Kehidupan disiplin rohani seperti berdoa, berpuasa dan melakukan ritus tertentu tentu bersumber dari pengenalan akan Taurat Tuhan. Namun pengenalan itu harus berimbas pada aksi yang penuh simpati kepada sesama. Kritik Nabi Yesaya atas ketimpangan itu adalah kritik kepada kemajuan manusia yang tidak memperhatikan keseimbangan nilai rohani dan jasmani.
Penjelasan Teks – Pendidikan sebagai ibadah
Seluruh nas ini dibuat dalam bentuk dialog antara Allah dengan orang munafik. Awalnya mereka menuntut Tuhan untuk menjawab mereka sesuai ibadah mereka. Namun kemudian Tuhan membeberkan isi hati dan kedalaman jiwa mereka dibalik megahnya dan salehnya ibadah mereka itu. Ayat 1-2 adalah sanjungan dari Tuhan mengenai kesalehan bangsa Israel yang taat dan rindu hidup bergaul dengan Tuhan. Namun Tuhan sebenarnya sedang mengecam kemunafikan mereka. Beberapa orang telah berupaya menyembunyikan kejahatan mereka melalui kesalehan. Allah sedang mengoreksi inti terdalam relasi manusia dengan Allah dan sesama. Kesalehan ibadah tidak bisa menutupi kejahatan. Keseriusan beribadah dihadapan manusia ternyata telah menjadi alat menutupi keburukan Israel. Itulah yang diingatkan Tuhan di bagian awal kecaman ini.
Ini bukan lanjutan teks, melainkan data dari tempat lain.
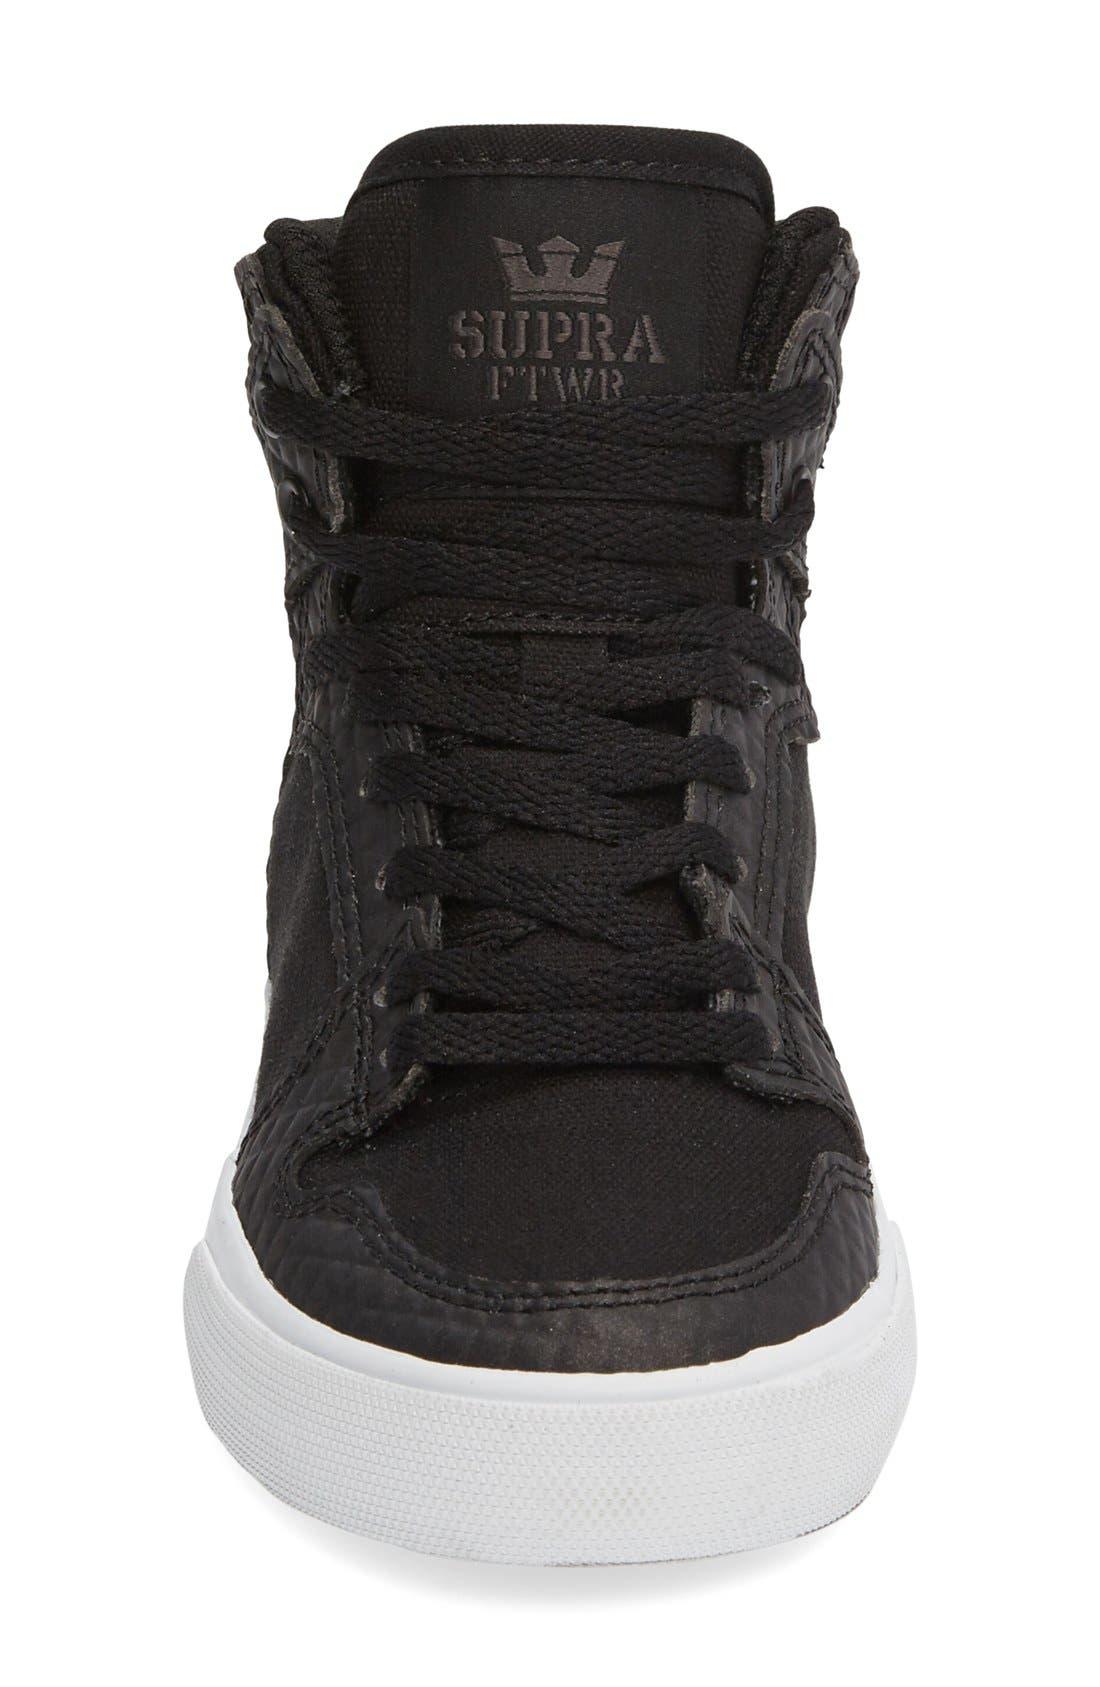 Alternate Image 3  - Supra 'Vaider' High Top Sneaker (Walker, Toddler, Little Kid & Big Kid)
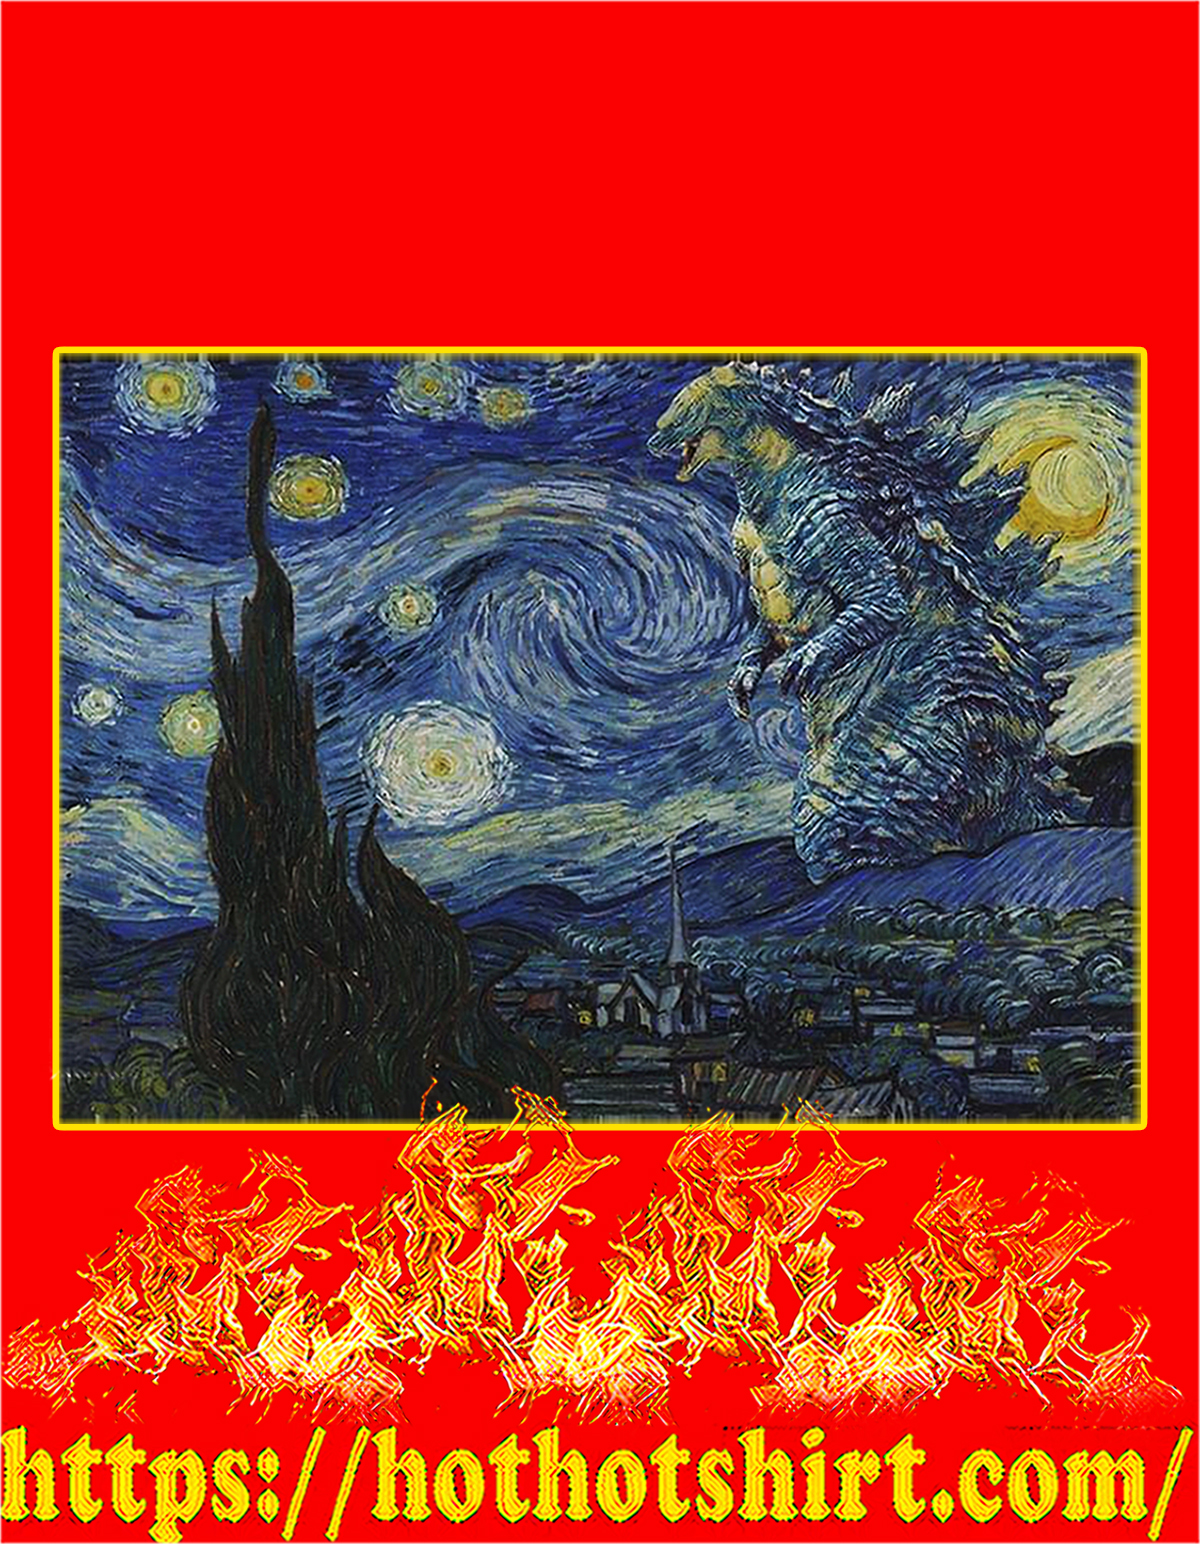 Godzzila starry night poster - A4

Ayat 3-5. Dalam ayat ini ada ungkapan hati dari kaum munafik. Mereka menanyakan “mengapa puasa kami tidak berkenan kepada Tuhan?” Namun selekas mungkin Tuhan membeberkan kebusukan mereka dibalik kesalehan mereka. Allah tidak berkenan kepada kesalehan yang menutupi kebusukan hidup umatNya. Tuhan mempertanyakan berkali-kali kesungguhan mereka berpuasa dan beribadah. Ayat 6-7. Tuhan meluruskan kembali hakikat ibadah manusia. Ibadah harus berdampak pada tindakan atau sikap untuk melepaskan sesama manusia dari penganiayaan, kelaliman, kuk. Puasa sebagai salah satu wujud ibadah bukan sekedar menahan lapar dan menghemat uang belanja tetapi tindakan untuk berbagi makanan hingga mengenyangkan orang lapar, berbagi kenyamanan bersama-sama orang miskin, memberi kehormatan kepada mereka yang dipermalukan karena telanjang dan memperbaiki relasi kekeluargaan.
Ayat 8-9. Tuhan memberi jaminan apabila ibadah yang dilakukan juga berkesinambungan dengan karya nyata. Orang yang melakukan ibadah sejati akan hidup bagaikan fajar setiap pagi, menerangi dan mengusir kegelapan. Kebenaran dan kemulian TUHAN akan mengiringi kehidupannya. Tuhan akan berkenan kepada seruan mereka. Ketika mereka berpihak kepada orang yang susah, Allah pun akan berpihak kepada mereka. Tuhan berjanji menuntun, memuaskan dan membaharui orang-orang yang mewujudkan ibadah dalam karya-karya kebaikan.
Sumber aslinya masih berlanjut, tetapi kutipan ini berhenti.